STAGE 4 PANCREATIC CANCER: WHEN SCIENCE FAILS THE PATIENT
Pancreatic cancer is among the most lethal of all human malignancies, with 60,430 new diagnoses and 48,220 deaths in 2021, it is the 3rd leading cause of cancer death in the US. Most pancreatic cancer patients are diagnosed with advanced disease for whom the five-year survival is only 3%; a survival rate that has changed little in several decades
Genetic profiles have shown that over 90% of pancreatic cancers carry mutations in the KRAS gene and over 50% have mutations in the TP53 gene.
To learn more about pancreatic cancer, researchers developed a mouse model that expresses the KRAS and P53 genes in genetically engineered KPC mice. KPC mice have been used around the world in hundreds of studies but when scientists took their mouse data and put it into people the results were profoundly disappointing.
One study used KPC mouse data to design a trial that targeted the hedgehog pathway (SHH), a pathway that is essential for human embryonic development and is expressed in pancreatic cancer. The drug Vismedogib clearly inhibited the SHH in KPC mice so Vismedogib was selected as a treatment.
Although in the KPC mouse model the drug Vismedogib performed beautifully, when it was given with Gemcitabine in a study of 104 patients there was no benefit. Vismedogib proved to be a dud.
Where did this trial go wrong?
First, it used a highly artificial mouse model that generated a conditional expression by manipulating the mouse genome. This could not re-create the complexity of human cancer that arises spontaneously in humans. Despite good mouse data, this treatment did not translate into clinical benefit for patients.
The second scientific misadventure occurred when investigators decided to attack the dense fibrous stroma that surrounds pancreatic cancer cells. It was reasoned that this dense protein matrix prevented drugs from penetrating into the center of the pancreas tumors, rendering them drug-resistant.
The HALO-301 clinical trial accrued 494 patients with advanced pancreatic cancer who were well-balanced for clinical characteristics. One half got chemotherapy alone and the other half received hyaluronidase combined with the same chemotherapy.

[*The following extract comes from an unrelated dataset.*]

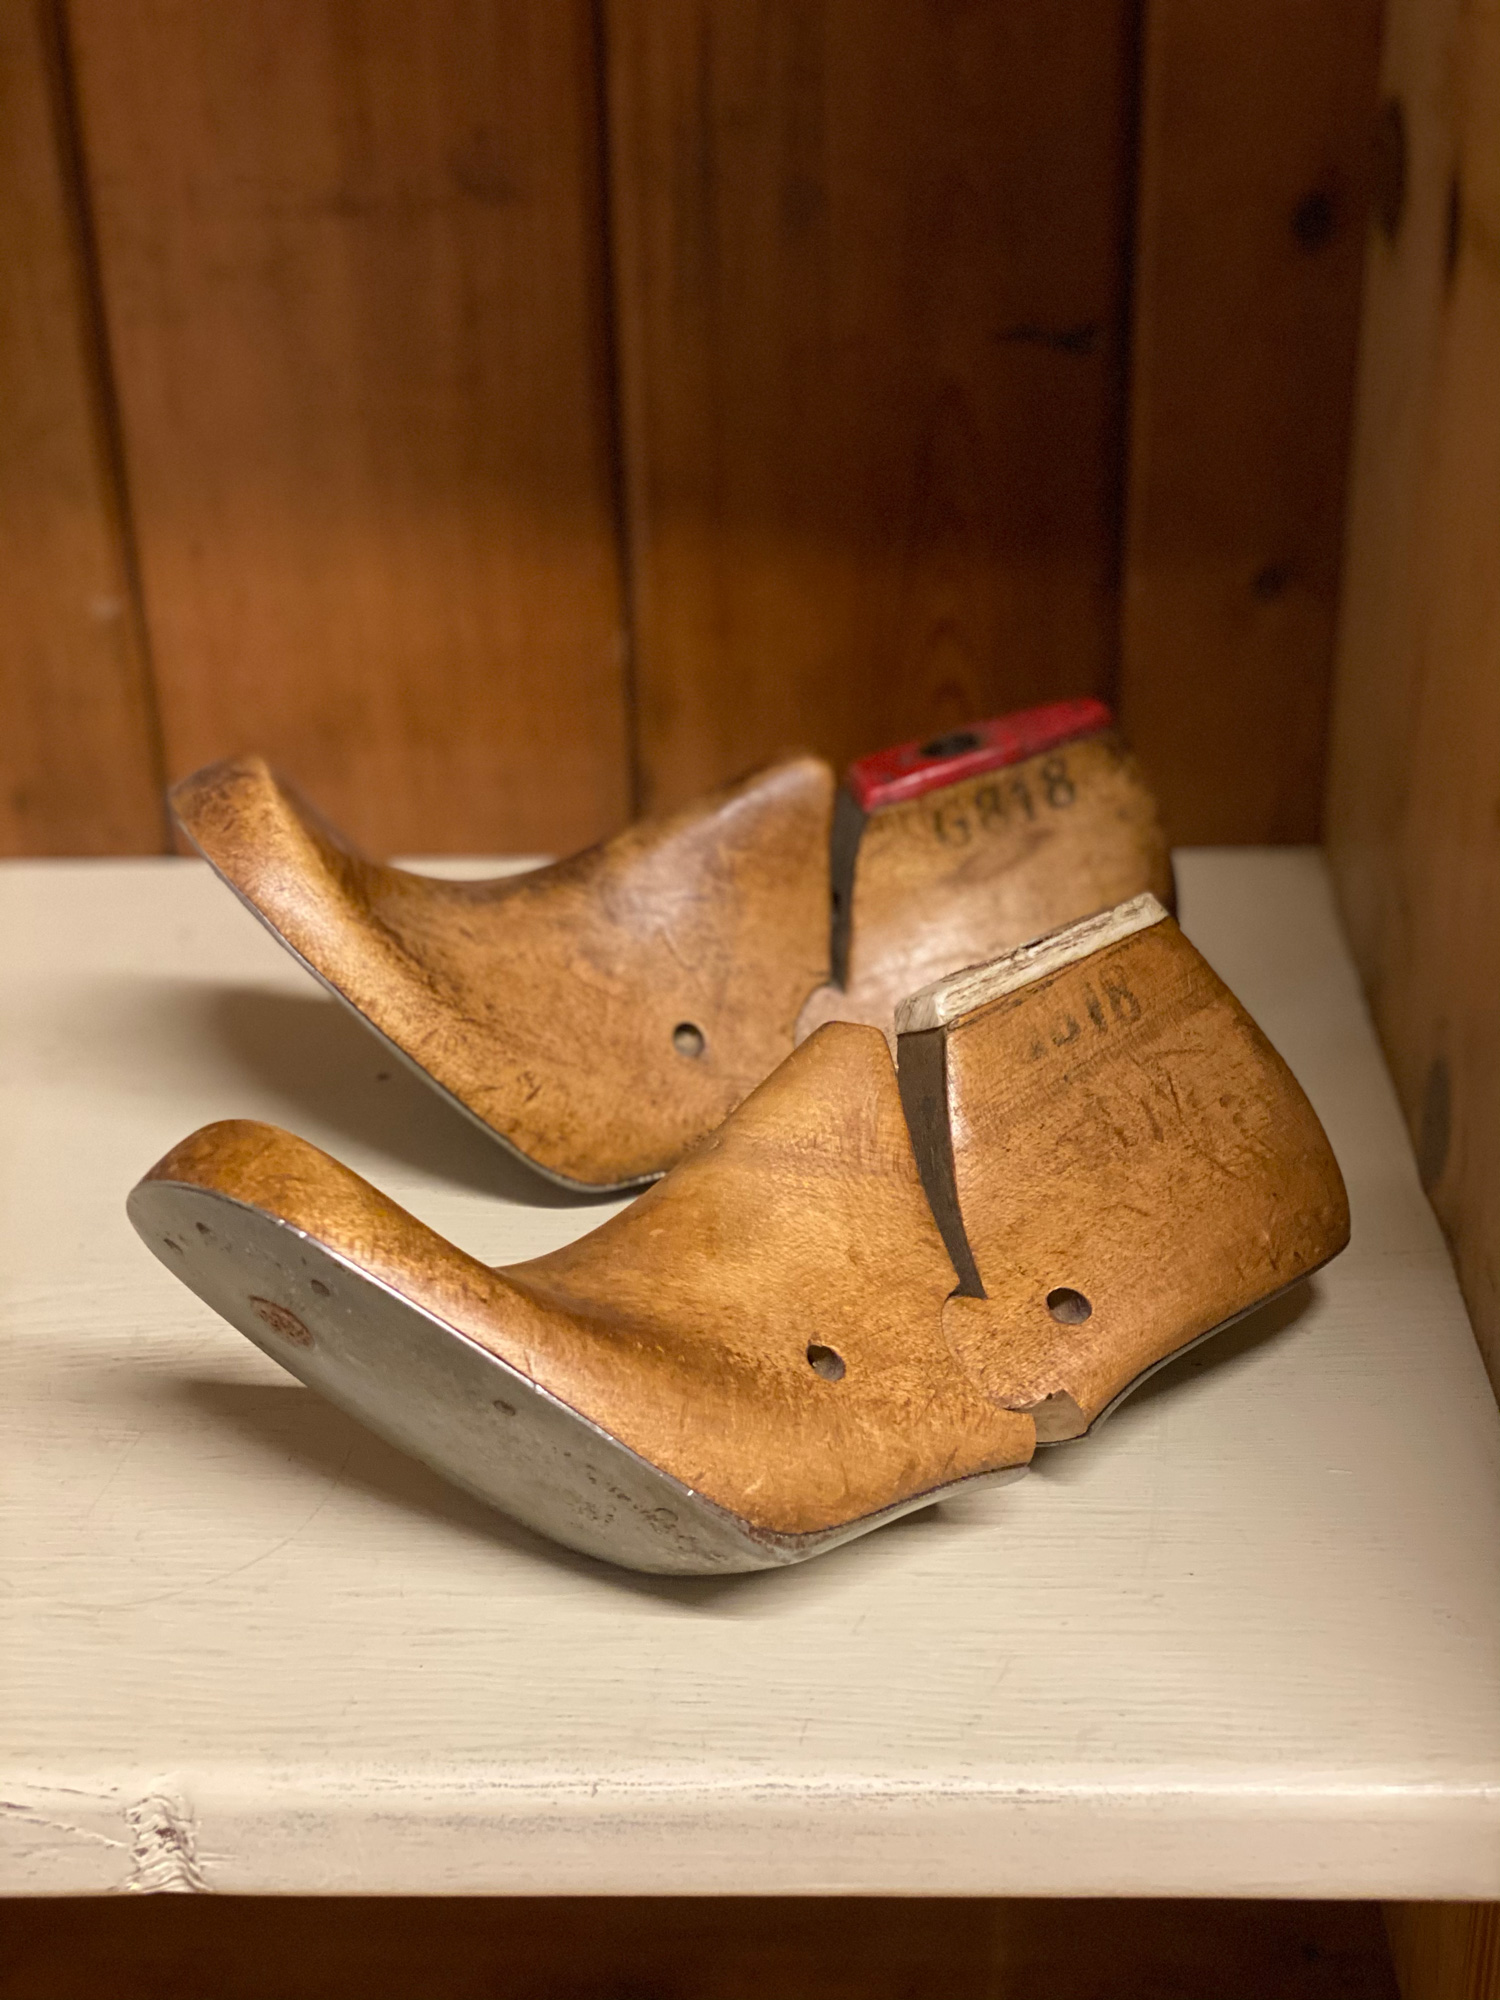 Wooden shoe lasts
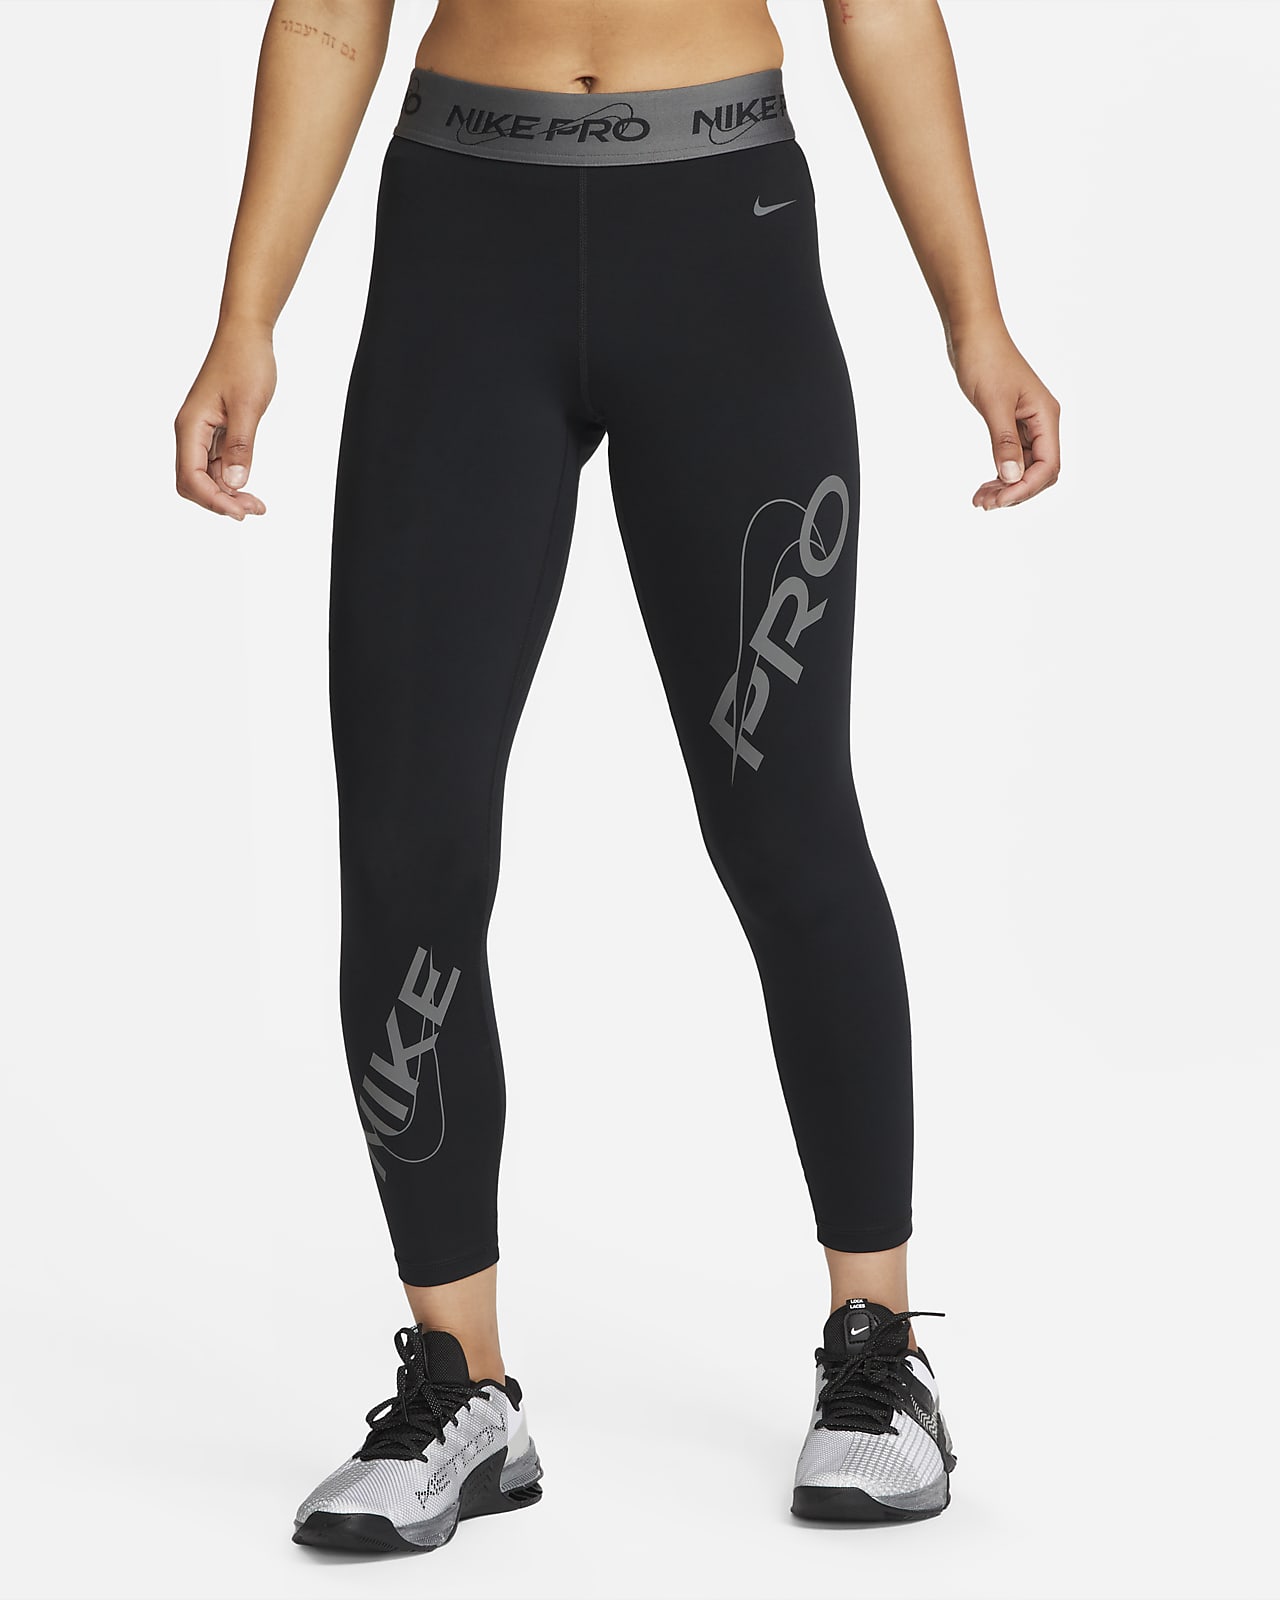 Legging 7/8 taille mi-haute à motif Nike Pro pour femme

The results revealed no benefit whatsoever. In fact, the median overall survival was actually numerically longer for the patient that received placebo (11.5 months), over the people who received hyaluronidase with chemotherapy (11.2 months) (Van Cutsem E J Clin Oncology, 2020). Another dud.
What went wrong?
Among the most obvious possibilities is that the KPC mouse model isn’t representative of the human cancer microenvironment. It is unclear if the cancer-associated fibroblasts in mice are the same in mice and humans.
Another concern is that the stroma may serve as a barrier to tumor progression, such that removing the barrier allowed tumors to grow and invade. More importantly, the reductionist thinking that focused exclusively on a single feature of the cancer, fibrosis failed to take into consideration low mutational burden, immune dysregulation, metabolic changes, and the epithelial to mesenchymal transition (EMT), so characteristic of tumors in their natural microenvironment. The HALO-301 is an example of a good idea going bad.
So where has the science gone wrong?
We have relied upon artificial models like the KPC mouse with mouse stroma, a mouse immune system, and the highly artificial expression of two specific genes in a biological vacuum.
It is well-known that cancer is polygenic and that numerous contributing factors lead to the ultimate tumor phenotype.
Alexander Pope (1688-1744) said, “The proper study of mankind is man” To wit, the proper study of human cancer is human cancer. We know that human tumors are complex ecologic systems that provide interaction between stroma, tumor cell to tumor cell communication, interactions with vasculature, inflammatory cells, inflammatory cytokines, and cancer-associated fibroblasts that cannot be easily reproduced in an animal model.
Our laboratory pioneered the use of pancreatic cancer studies using portions of tumor removed directly from patients. We do not destruct the integrity of the microenvironment, but instead utilize that micro-environmental integrity, to study the response to drugs, targeted agents, and other interactions.
We have previously shown that this improves response and time to progression in a variety of cancers and have achieved durable, complete remissions in patients with advanced pancreatic cancer. Each patient we treat receives their own specific therapy crafted from their own tumor biology and not protocol or guideline-driven therapy.
For patients diagnosed with advanced pancreatic cancer, it is critical to receive the right treatment the first time.
Like the KPC mouse model that engineers a target and then tries to hit it, today’s oncologists rely upon gene profiles to select actionable targets and then try to hit them. I am not sure whether they need better aim or better bullets, but it is obvious that it is not working.
To re-create the complexity of human tumors one needs to study human tumors. At the Nagourney Cancer Institute that is exactly what we do.